The White House recommended that the US Department of Energy concentrate on modernizing the nation’s energy transportation, storage, and distribution (TS&D) systems in its initial proposals under the recently established Quadrennial Energy Review. The Apr. 21 report also posed that DOE financially assist states in providing incentives for natural gas utilities to replace and improve local distribution systems (LDS).
“Changes in the geography of domestic energy production stress the ability of existing infrastructures to move both liquid fuels and electricity from supply regions to demand centers,” the White House said in a statement. “Congestion in the nation’s ports, waterways, and rail systems affect the timing and cost of moving not just energy products, but all commodities,” it added.
It said the program, which also would include targeted funding to offset incremental costs to low-income households, would cost an estimate $2.5-3.5 billion over 10 years.
The report also called for:
• Expansion of the US Strategic Petroleum Reserve’s capacity, and updating its release authority to reflect modern oil markets.
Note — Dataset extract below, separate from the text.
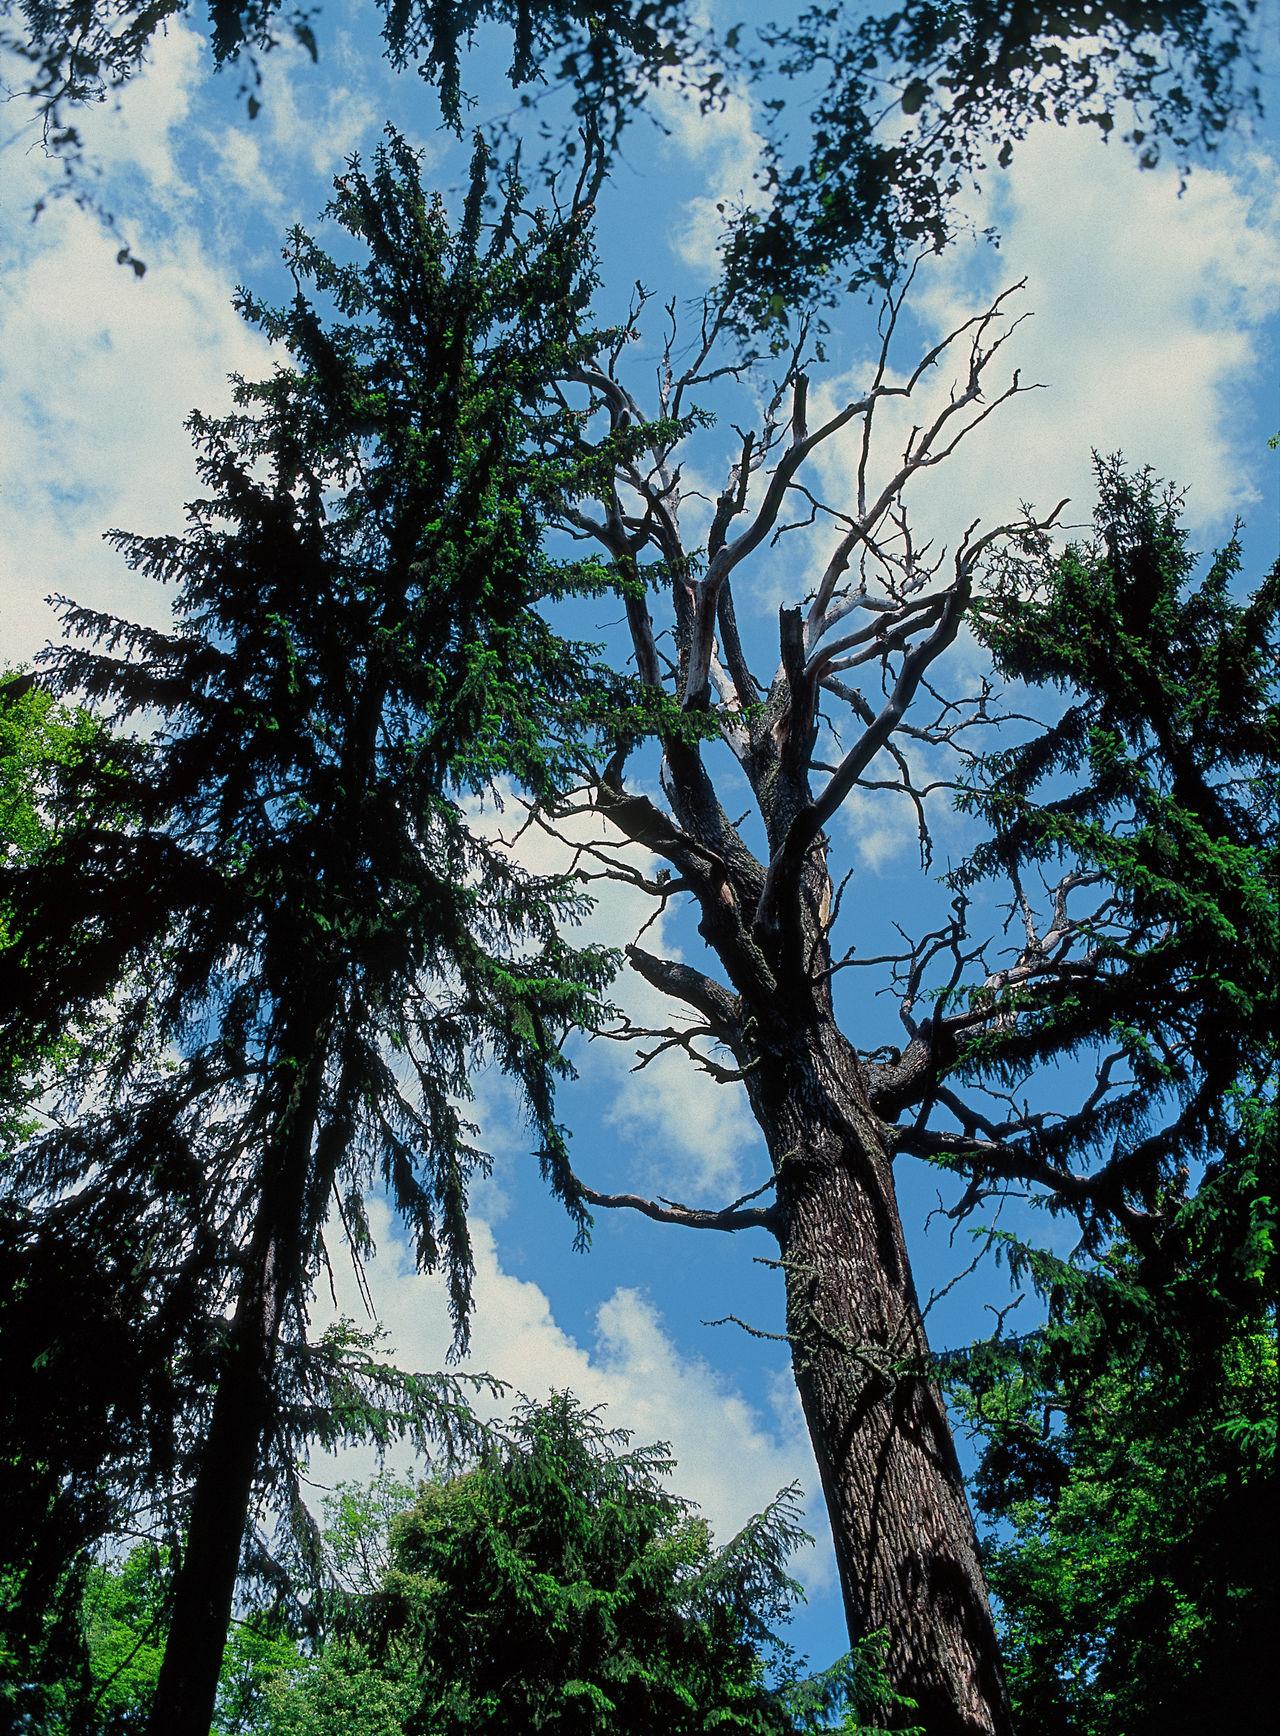 Bialowieza Bialowieza Forest Białowieska Białowieża Białowieża Forest Dead Tree Forest Nature Old Tree Outdoors Poland Puszcza Bialowieska Tree Two Trees Unesco Unesco World Heritage UNESCO World Heritage Site Wilderness

• The US Department of Defense and DOE to continue research and development of biofuels, which would be compatible with existing petroleum distribution systems.
• An ambitious integration of Canadian, Mexican, and US energy markets, and promotion of programs to help Caribbean nations diversify their supplies.
• Congressional approval of DOE’s request for $10 million in fiscal 2016 to help update estimates of methane emissions from gas wells, pipelines, and local distribution systems.
• Programs to help train more workers to inspect, maintain, and replace energy TS&D systems.
Oil and gas association officials said on Apr. 21 that the initial QER recommendations, which also include several for electricity, highlight the need to improve the national energy infrastructure.
“[It] reflects DOE’s own prediction that by 2040 Americans will still need oil and natural gas to meet more than 60% of their energy needs,” American Petroleum Institute Executive Vice-Pres. Louis Finkel said. “If the president wants to achieve our nation’s full energy potential and play a key role in this equation, he should put this industry to work.”
US gas supply and production areas have shifted and expanded in the last 10 years, and more demand for gas to generate power and manufacture goods will lead to adjustments in regional consumption patterns, Natural Gas Supply Association Pres. Dena E. Wiggins predicted. “Building new infrastructure and optimizing the efficient use of our current pipeline and LNG infrastructure is essential,” she said.
Interstate Natural Gas Association of America Pres. Donald F. Santa said the QER’s first volume also recommends greater coordination across agencies, cost recovery, and greater resources for key federal agencies involved in the siting, permitting, and review of infrastructure projects, including pipelines.
“We appreciate, as well, the recognition of the need for statutory reforms to improve coordination across agencies involved in authorizing and permitting energy infrastructure projects,” Santa said.
American Gas Association Pres. David K. McCurdy said gas utilities already are focused on upgrading and modernizing LDS, and 38 states now have specific rate mechanisms to foster accelerated replacement of pipelines. AGA members’ concerted efforts to replace local lines also have contributed to methane emissions reductions, he said.